High temperature affects deep coal mining and other engineering activities. However, conventional coring methods for terrestrial hard rocks lack temperature-preserved measures, ignoring the effects of temperature on the physical and mechanical properties of rocks. Consequently, the parameters obtained are subjected to distortion, affecting the safe and efficient mining of resources such as deep coals. To make breakthroughs in the development of in-situ temperature-preserved coring technologies for deep rocks, this study proposed using the hollow glass microsphere/epoxy resin (HGM/EP) as thermal insulation materials and the physical and mechanical properties. The results are as follows: (1) With an increase in the HGM content, the thermal conductivity of the thermal insulation materials showed a significant downward trend, and the mechanical properties of the materials weakened. (2) The increase in the content of HGM with different strengths led to changes in the load-bearing objects.
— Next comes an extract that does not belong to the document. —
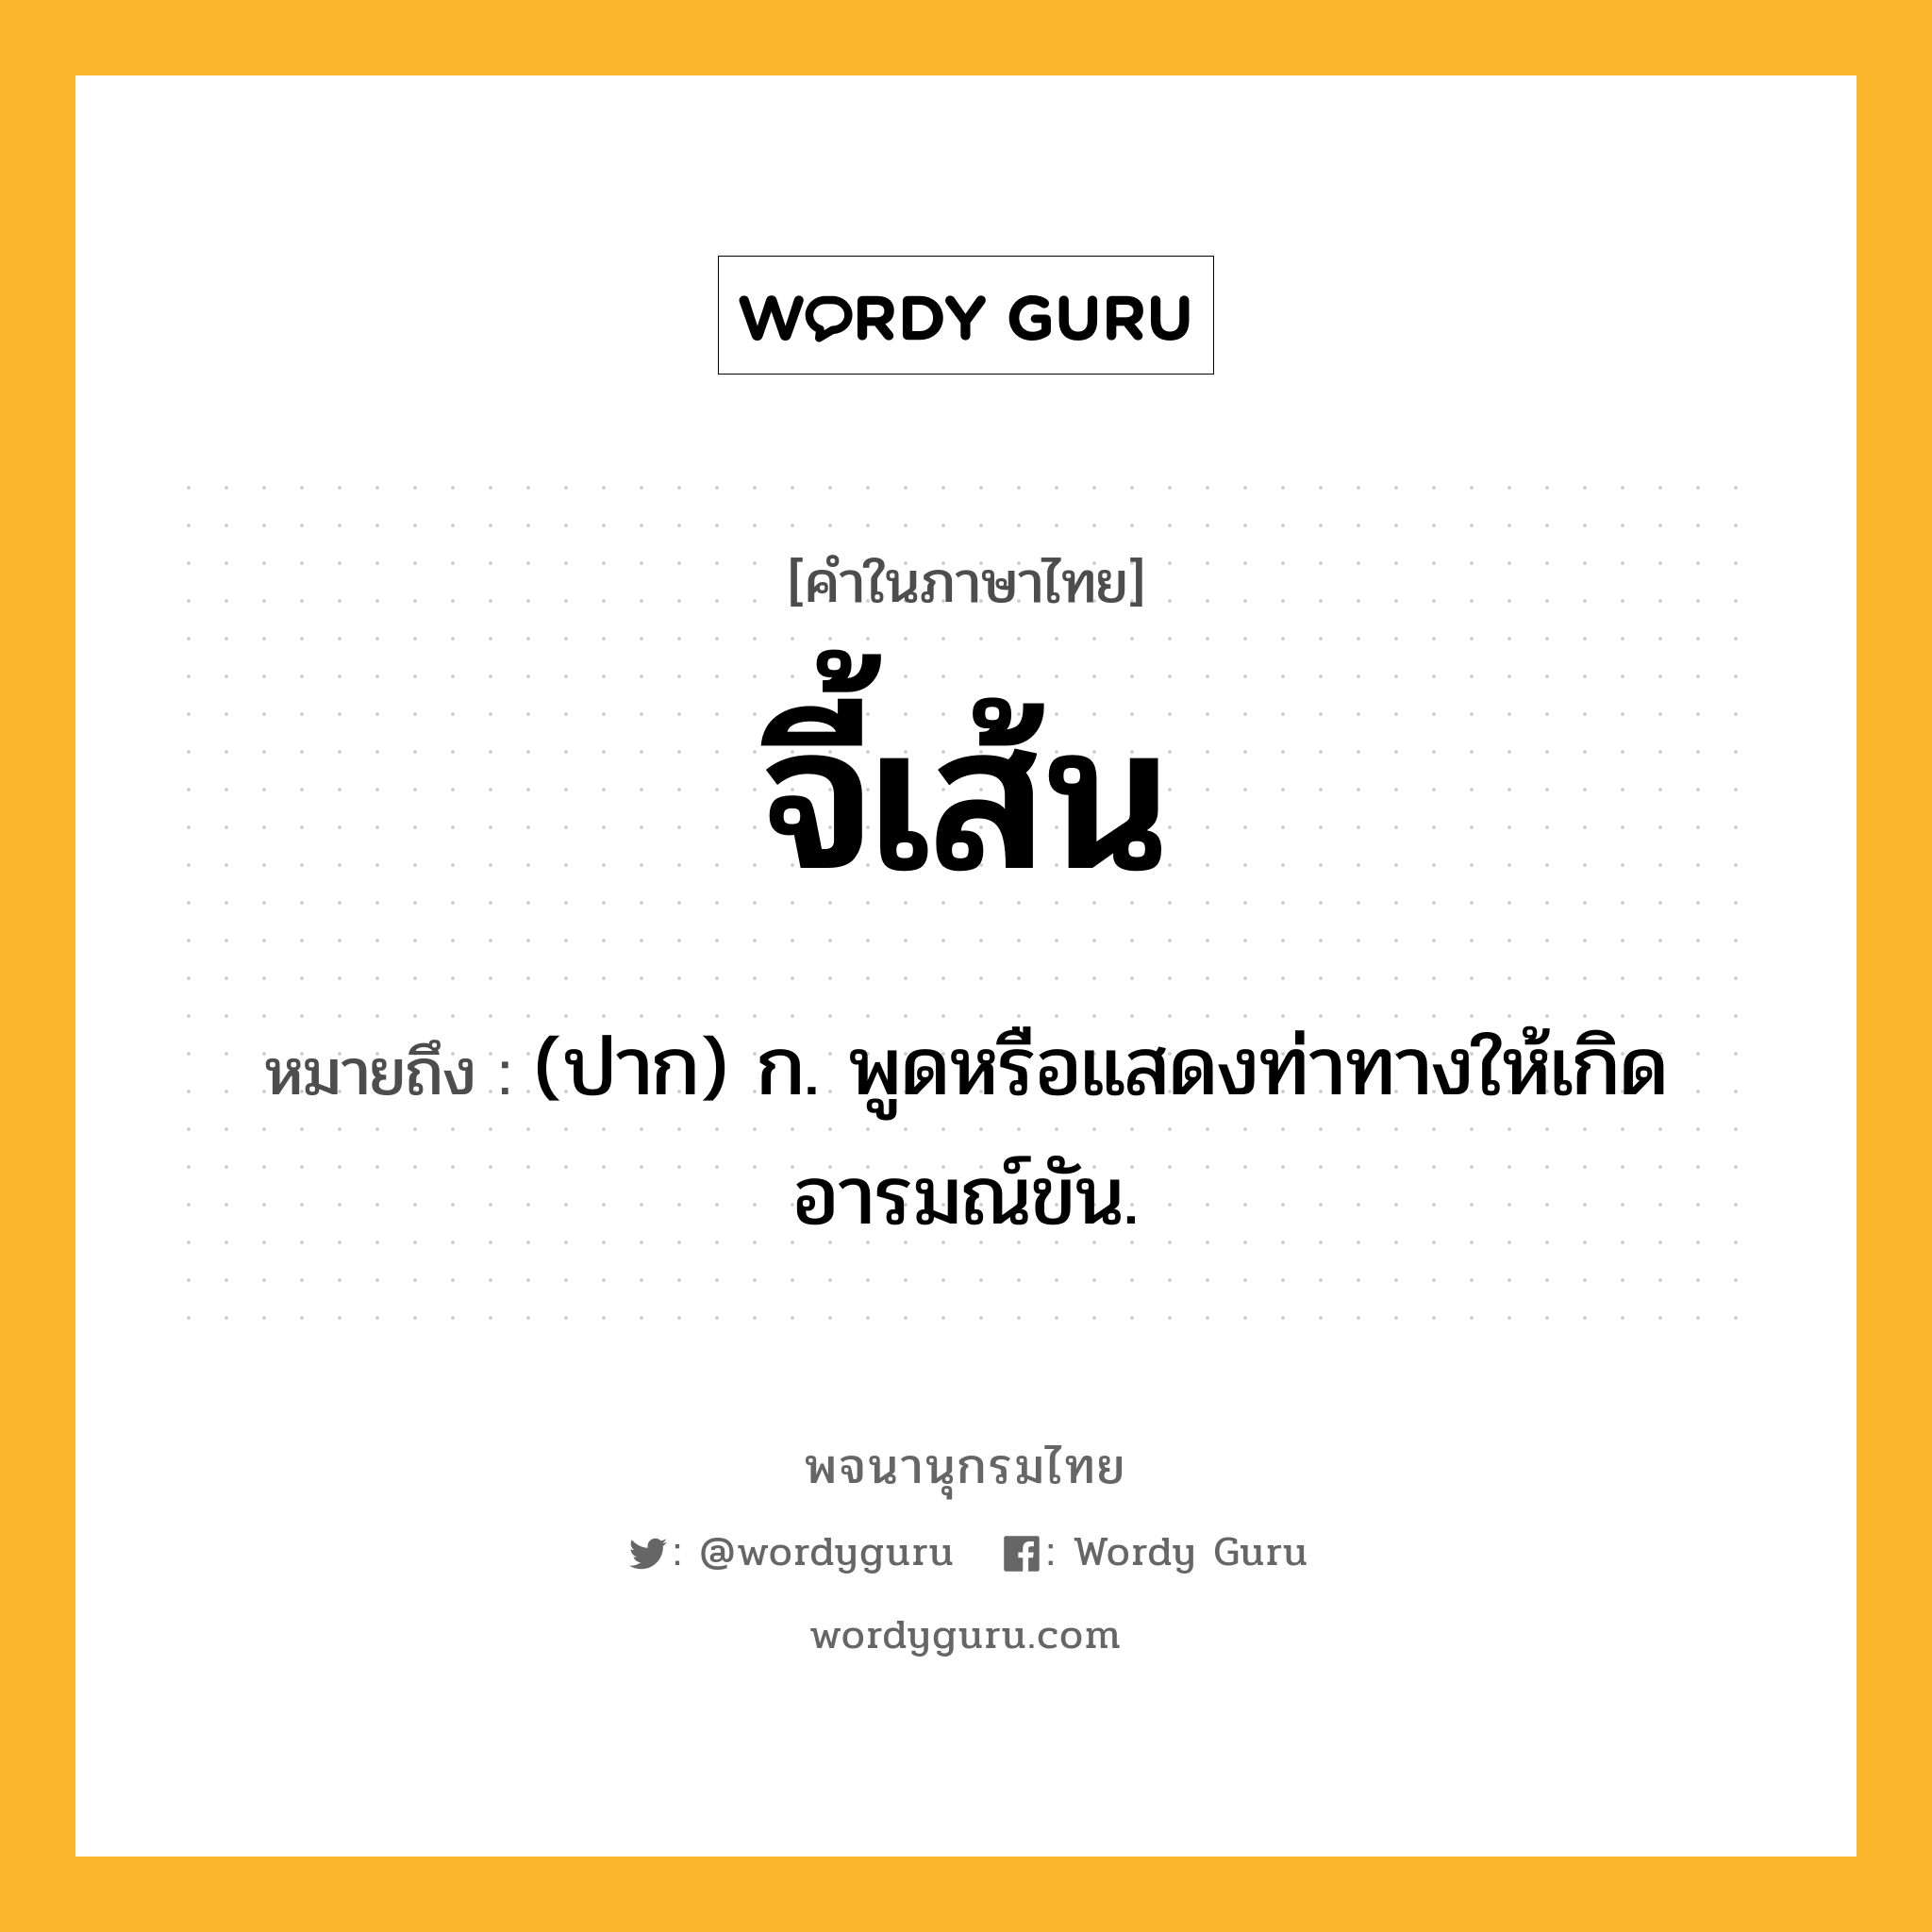 จี้เส้น ความหมาย หมายถึงอะไร?, คำในภาษาไทย จี้เส้น หมายถึง (ปาก) ก. พูดหรือแสดงท่าทางให้เกิดอารมณ์ขัน.

As a result, inflection points occurred at different volume fractions when mechanical properties decreased. (3) There is a contradiction between the thermal conductivity and strength, which compete with each other as the HGM content increases. To quantitatively evaluate the performance of thermal insulation materials, this study defined the strength-to-thermal conductivity ratio, discovering that thermal insulation materials with 30%, 40%, and 50% volume fractions of S60HS HGM had comprehensive strength-to-thermal conductivity ratios of 1.796, 1.719 and 1.737, respectively. These materials, outperforming similar materials, were preliminarily determined as thermal insulation materials for deep rock coring. The test results of this study make it possible to achieve in-situ temperature-preserved coring of deep rocks, further supporting the mining of resources such as deep coals.